Fizik, matematik bilmeyen ve doğanın dilini bilmeyenden mühendis olmaz diye boşuna demiyorum.
Hız ve ivmeyi sadece araba ve asansörde zanneden bir toplum fay’ı da bir çizgi zanneder ve o çizgiden kaçmanın yolunu arar! Oysa durum ve yapılması gereken gayet açık, deprem güvenli kentler inşa etmek, aşağıdaki haritada ilk depremin oluştuğu fay hattı ve bölgedeki ivme dağılımı görülmektedir.
Peki bu neyi ifade ediyor. Binanın kütlesiyle bu ivmenin çarpımı kadar bir kuvvet dinamik olarak etki ediyor.

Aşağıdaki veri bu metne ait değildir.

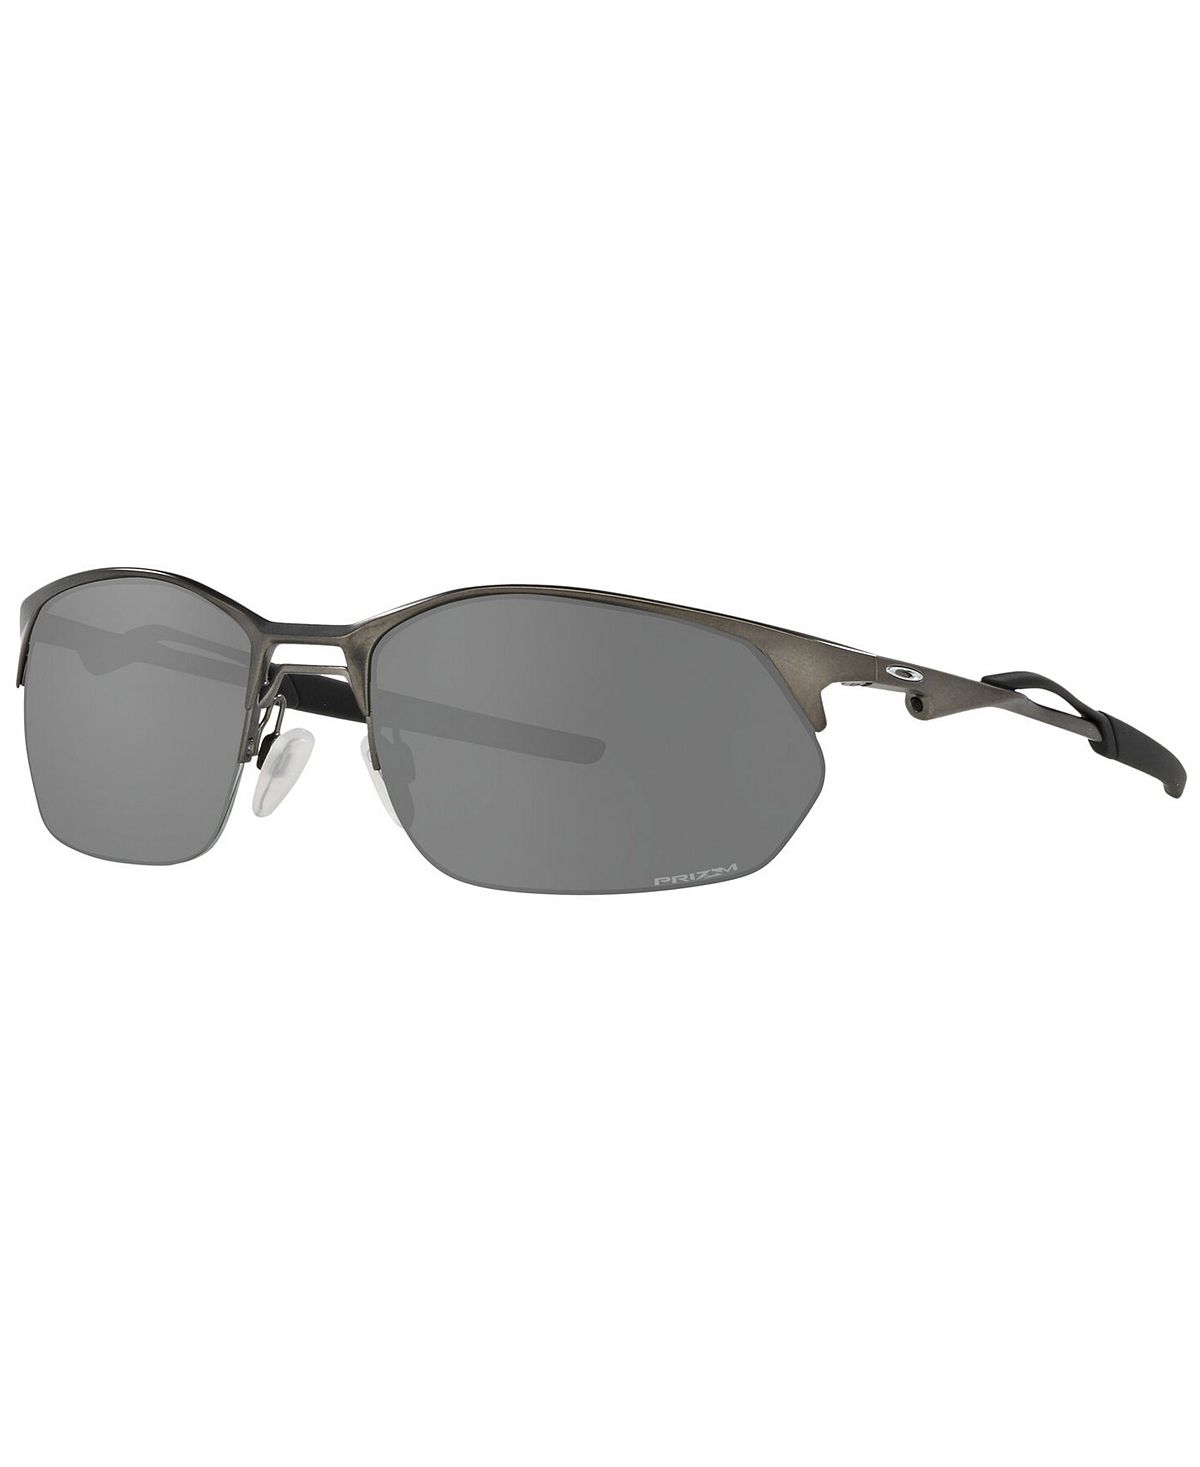 Мужские солнцезащитные очки, oo4145 60 Oakley, мульти

Binanız bu kuvveti karşılayacak kadar dayanıklı değilse göçüyor maalesef. Zeminin rolü ise ; kahve ve koyu kahverengi bölgelerde açık olarak görülmektedir.
Sıvılaşma ve zemin büyütme potansiyeline sahip dolgu zeminlerde; ivme haritada verildiği gibi büyümektedir.
Yapının kütlesi de büyükse, bu iki terimin çarpımı olan kuvvet aşırı büyümekte, proje, işçilik, uygulama hataları ve denetimsizlik de bunu izleyince sonuç ortada maalesef.
Bu nedenle; bu tür tarım alanlarının yerleşime açmamak gerekiyor.
Sadece deprem açısından değil kuraklık, taşkın, gıda güvenliği vb diğer riskler yönünden de bu durum ayrıca büyük önem taşıyor.
Bu nedenle; toplum olarak, bilime, uzmanlığa saygı gösterip, disiplinlerarası çalışma kültürünü uygulamaya koymamız tek çözüm yolu.